Texas-based casual dining chain TGI Friday’s Inc. has filed for Chapter 11 bankruptcy. The company operates 39 of TGI Friday’s corporate-owned restaurants in the U.S.
It has obtained commitment for debtor-in-possession financing to help keep its business running as it goes through a restructuring process.
It is important to note that the TGI Friday’s brand and related intellectual property are owned by TGI Fridays Franchisor, LLC. TGI Fridays Franchisor, LLC, will not be included in the Chapter 11 process. This means that franchised locations will not be affected by any changes happening with the company — there are 500 franchise locations worldwide, across 41 countries.
What led to this?
The pandemic and changes in how people eat out greatly affected TGI Fridays’ financial situation. There’s been a change in consumer habits. Many consumers prefer dining at home or getting food delivered instead of going out.

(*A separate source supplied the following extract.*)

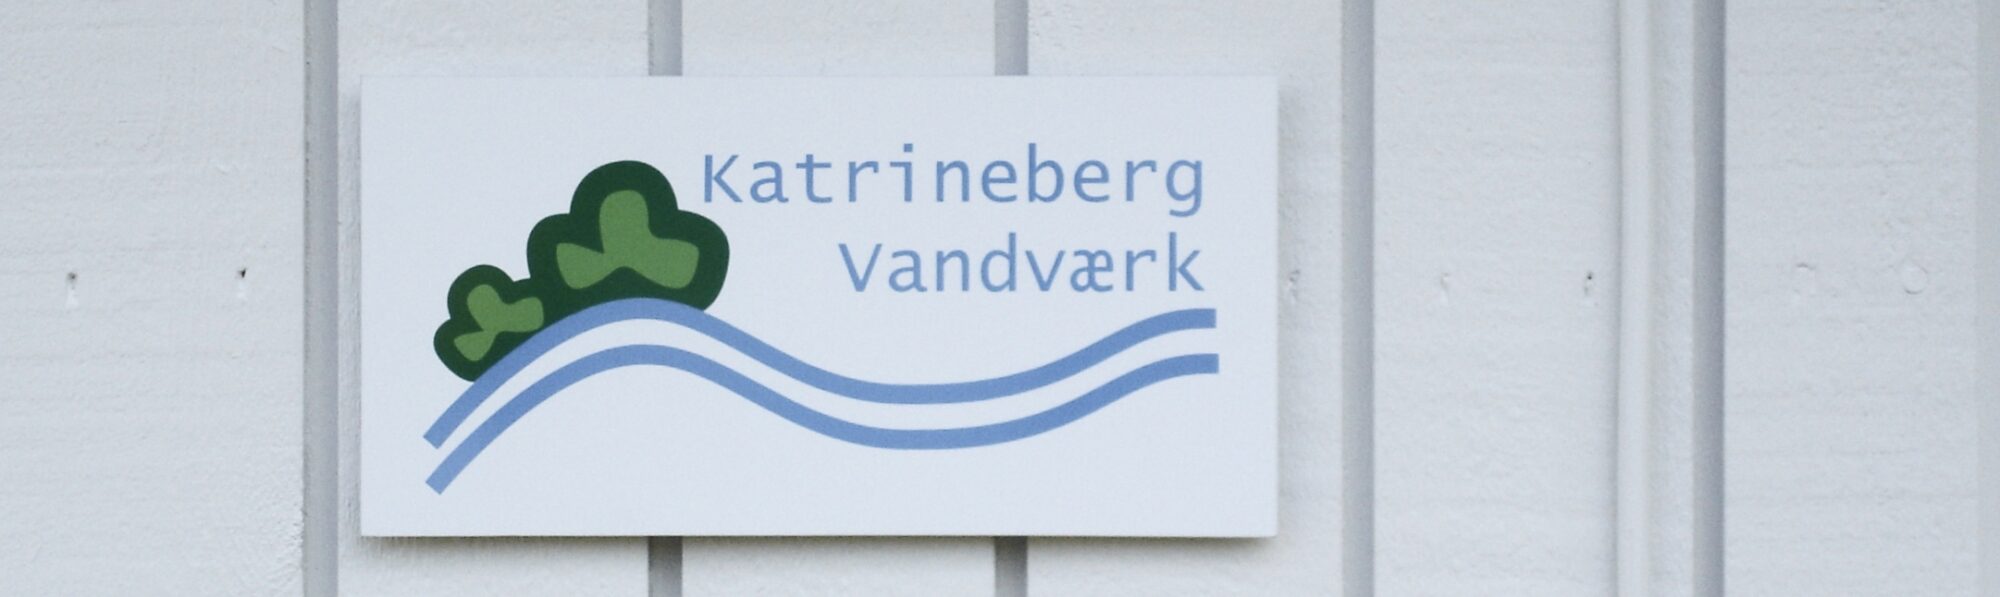 Katrineberg Vandværk 
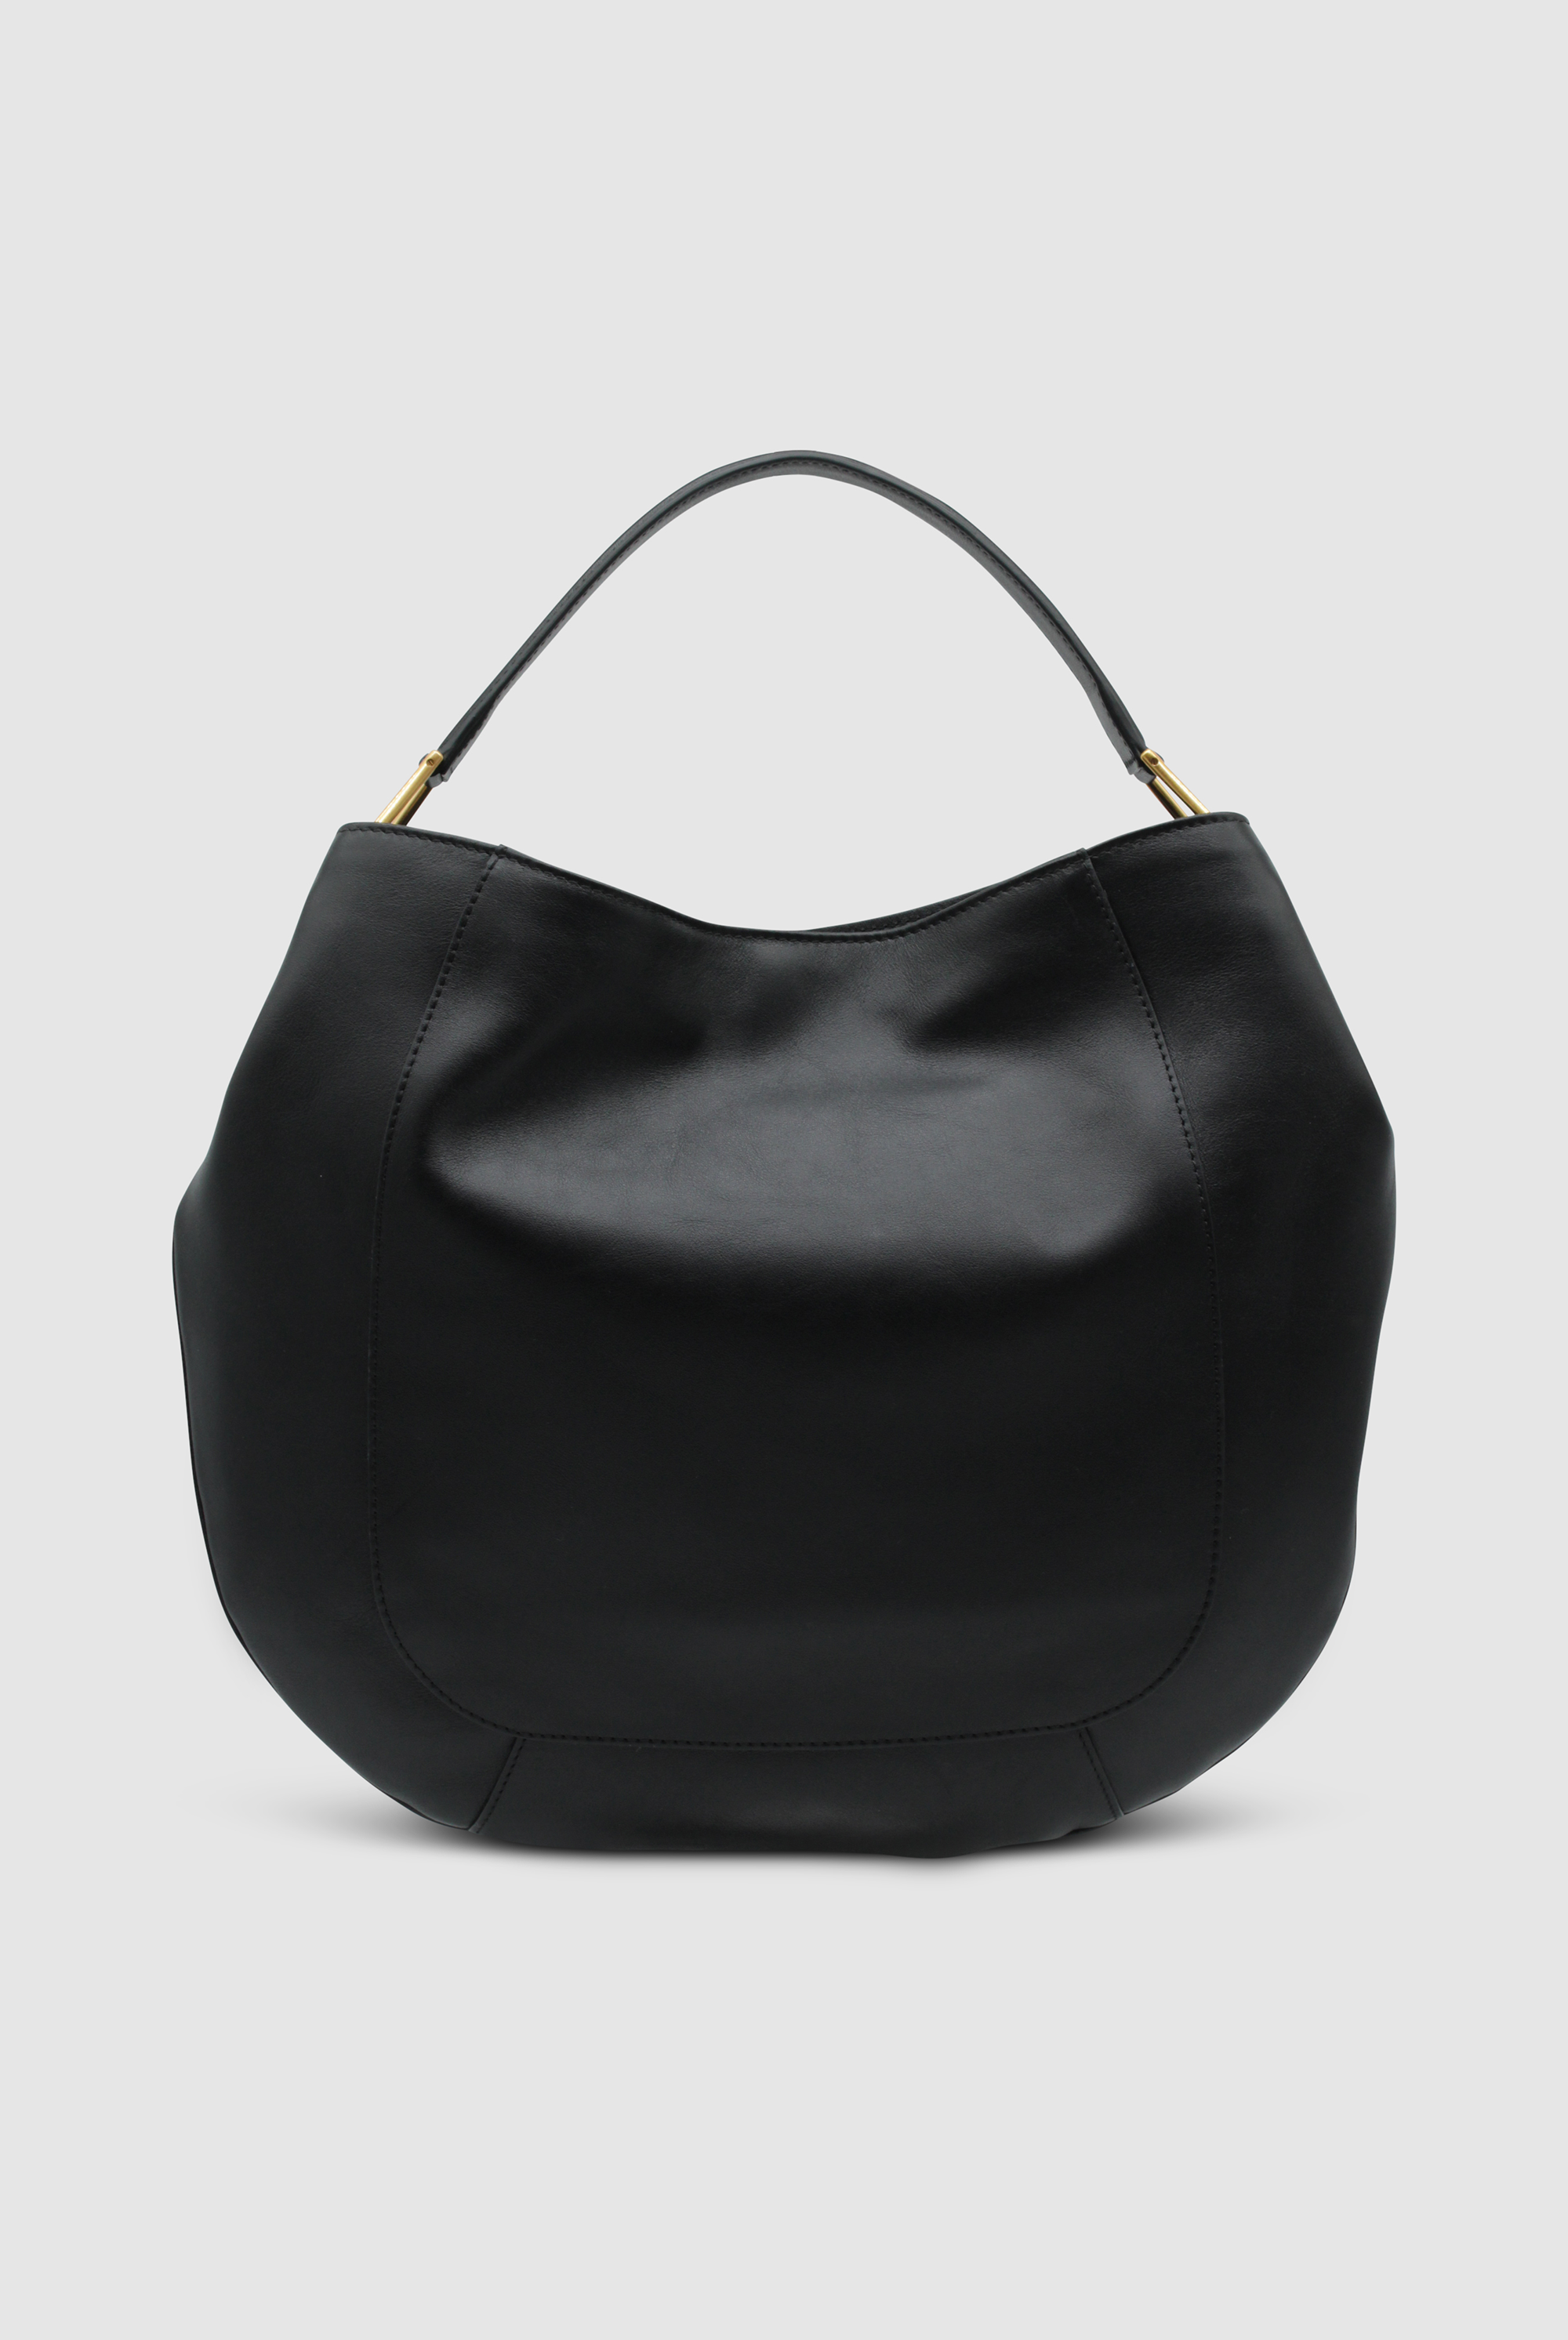 Bild einer sehr großen, runden Handtasche. Sie ist aus schwarzem, glatten Leder gefertigt von der Marke Gianni Chiarini

Rohit Manocha, the Executive Chairman of TGI Fridays, pointed out that the pandemic and the company’s financials were key reasons behind its struggles. This is a common challenge shared by many restaurants in the industry right now.
Other casual dining chains have also suffered
Other casual dining restaurants have also suffered since the pandemic. Earlier this year, Red Lobster declared bankruptcy amid high costs and changes in what customers want. Other restaurants, like Buca di Beppo and Rubio’s Coastal Grill, also filed for bankruptcy as they try to adapt.
The casual dining industry is facing challenges. Rising costs for things like rent and wages, along with customers being more careful with their spending, have made it hard for restaurants to succeed.